Over the course of their careers, many employees develop skills and new interests, and move between roles in their organizations. Over time, their movements build pathways between job roles, creating a “map” of what kinds of people move between which roles. We see basic maps like this in workforce planning and diversity studies.

The map becomes predictive when we overlay employee-specific predictive models onto the map. These models transform the map from a static planning tool into a living representation of the organization and its potential.

Pasha Roberts, co-founder and Chief Scientist at Talent Analytics Corp., fielded questions from Data Informed about how organizations can apply predictive analytics to map these movements and determine which types of employees are most likely to change roles, which roles best suit individual employees, and how this knowledge can improve hiring and employee performance.

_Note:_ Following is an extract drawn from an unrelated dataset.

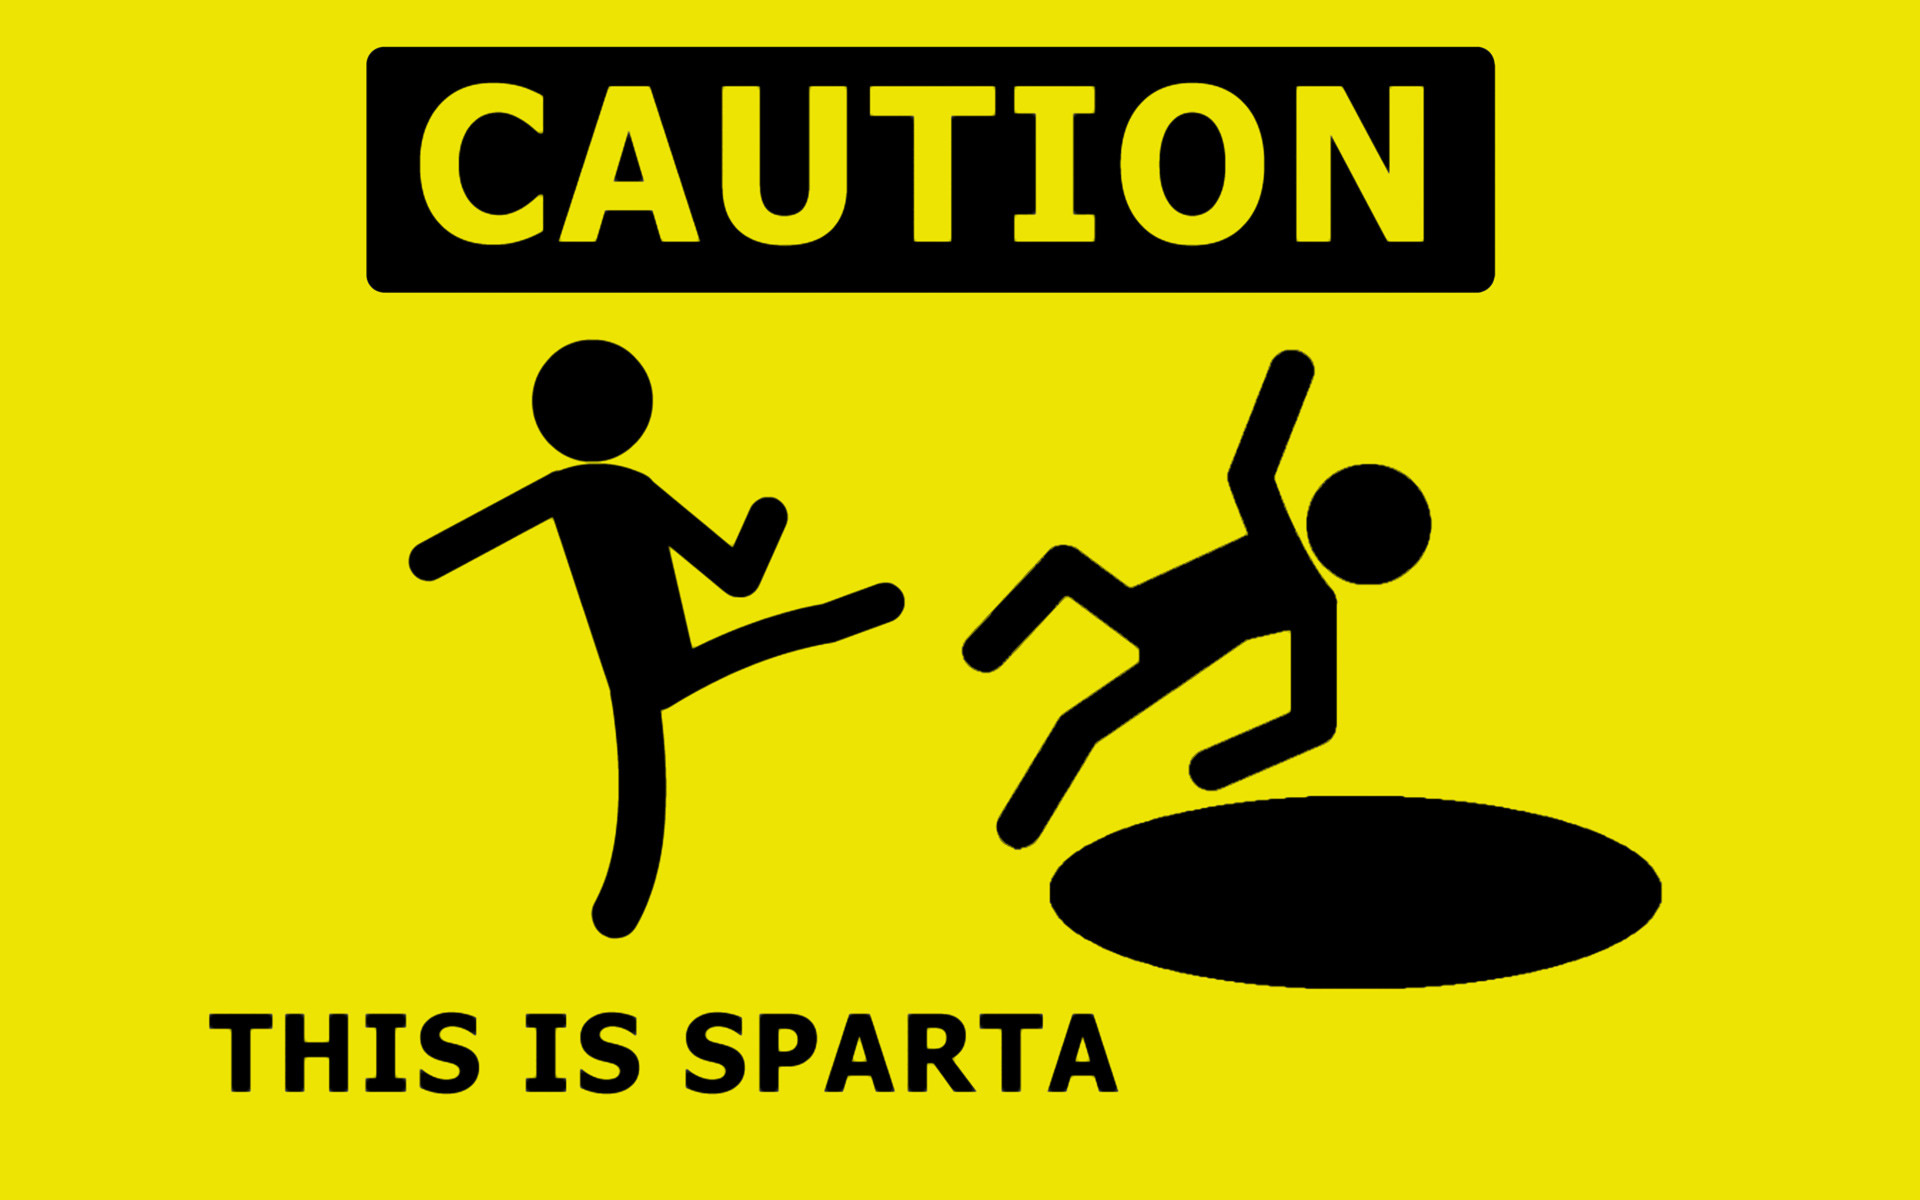 Тхис ис. This is Sparta. ВИС ИС Спарта. Это Спарта Мем. Из из Спарта.

Data Informed: What kinds of data make up a predictive job map?

Pasha Roberts: Each node in the map is a role, for example, “Underwriter I” or “Inside Sales Representative.” Then, we map the traffic between each role: hires, promotions, demotions, transfers, terminations, and actual performance in the role. This gives us a set of history and probabilities for how people really move and perform through the organization, which is not always how HR has planned it. This emergent order usually brings a lot of insight, but it is nothing new. People have been doing this with Markov chains for a long time.

Pasha Roberts, Co-Founder and Chief Scientist, Talent Analytics Corp.

At each job node, we have a variety of data about the role: survival, cost, benefit, KPI performance, and employee lifetime value. We also store information about the employees that have been in that role, such as aptitude, skills, and tenure.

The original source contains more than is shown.